◆ Data shown:

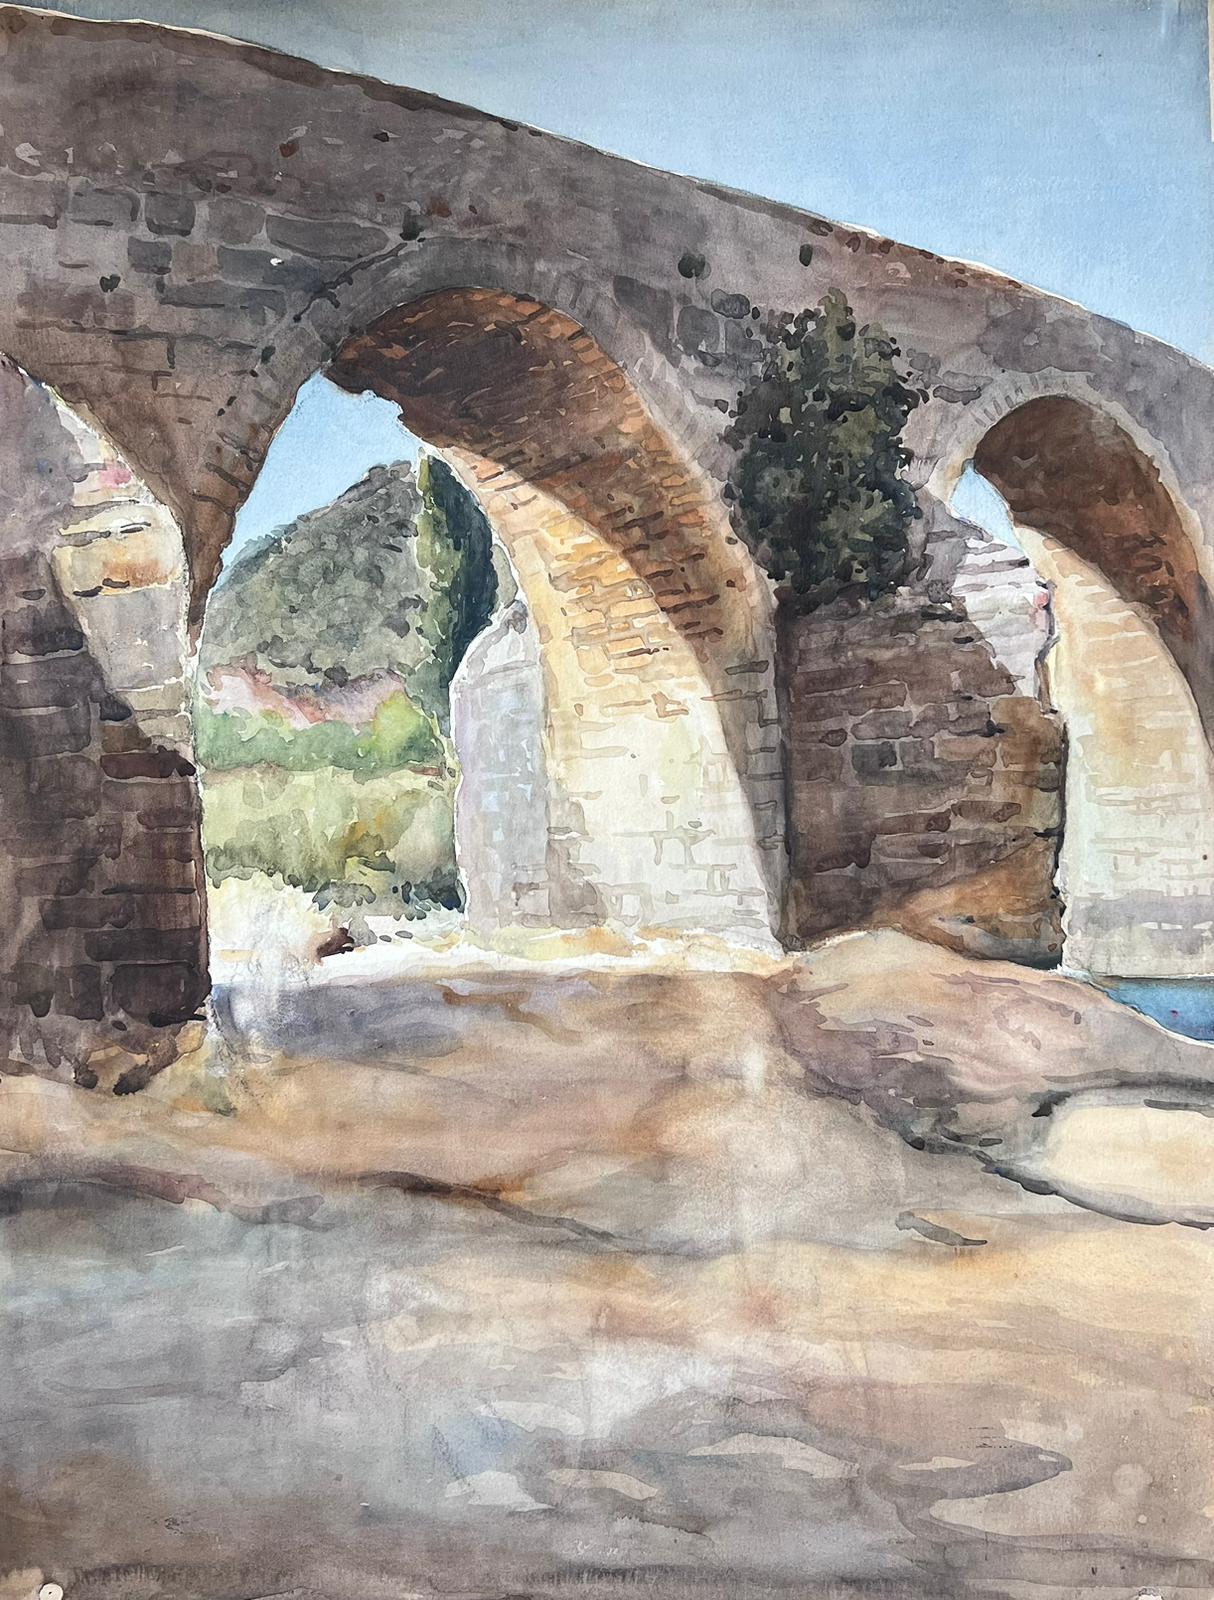 Vintage French Impressionist Painting Stone Bridge Viaduct in Landscape
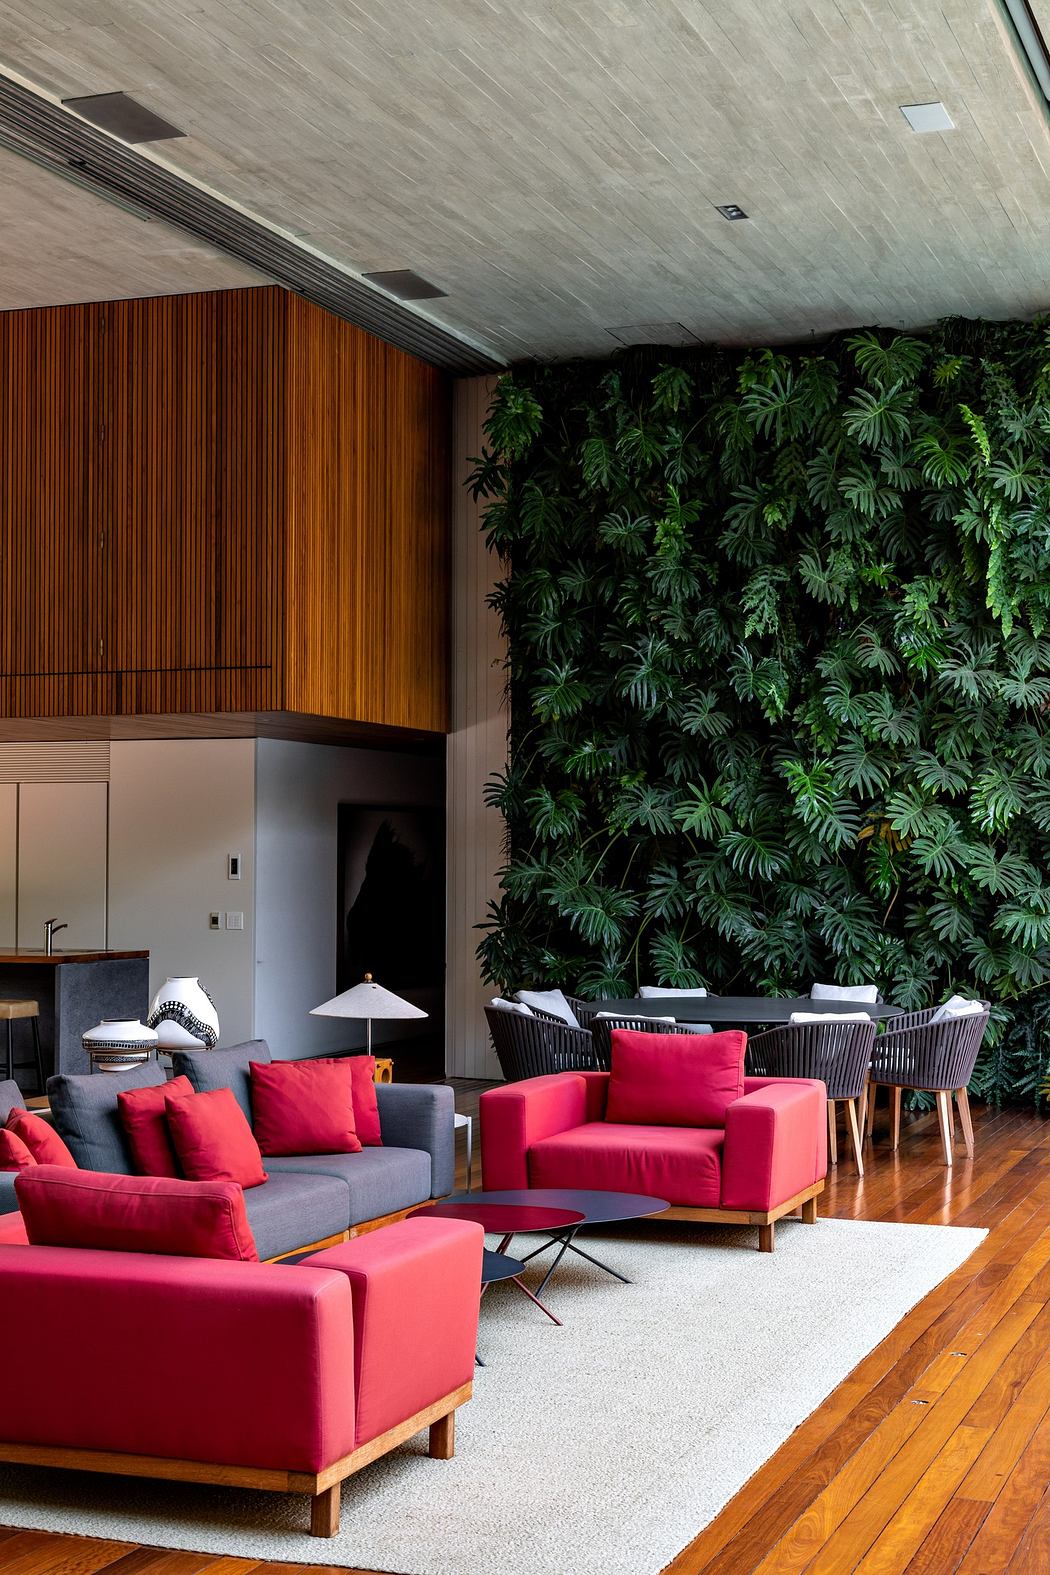 Contemporary living space with vibrant red sofas and a lush green living wall.
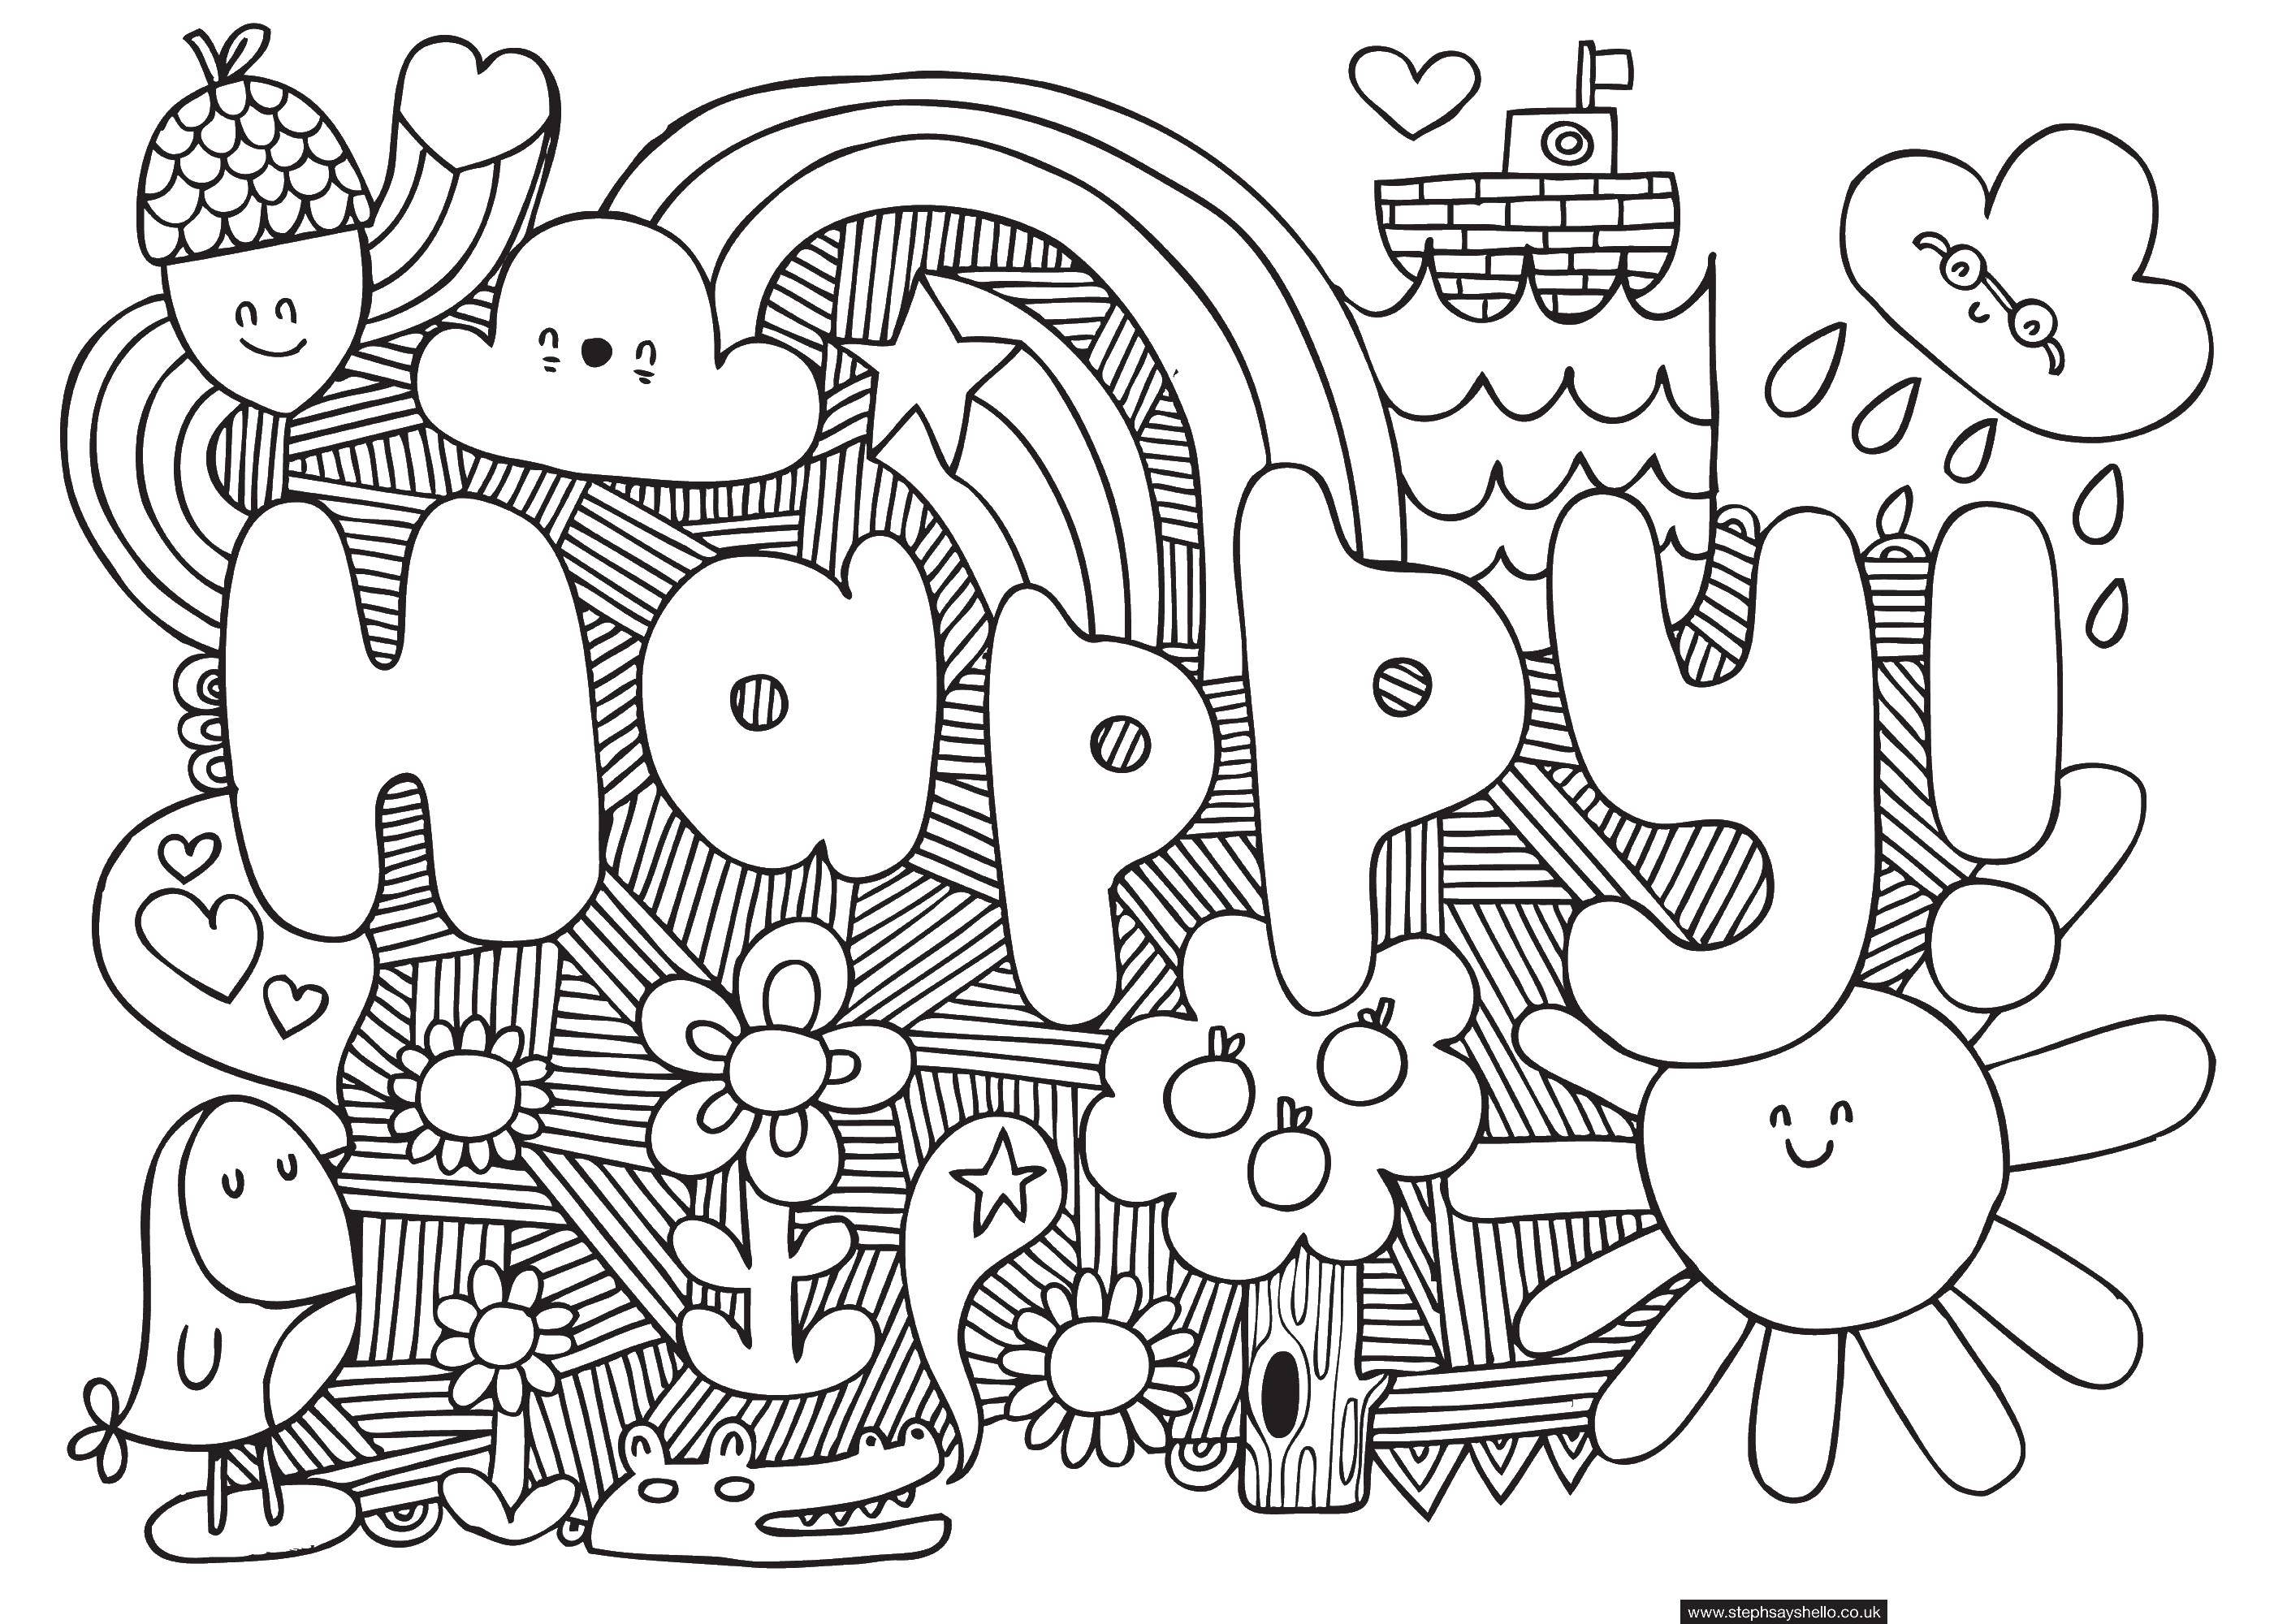 Coloring Happy. Category English words. Tags:  happy words.

◆ Exercise aim: Your task is to retype the listing exactly, without its pictures.

◆ Solution for this problem:
 Vintage French Impressionist Painting Stone Bridge Viaduct in Landscape
 Contemporary living space with vibrant red sofas and a lush green living wall.
 Coloring Happy. Category English words. Tags:  happy words.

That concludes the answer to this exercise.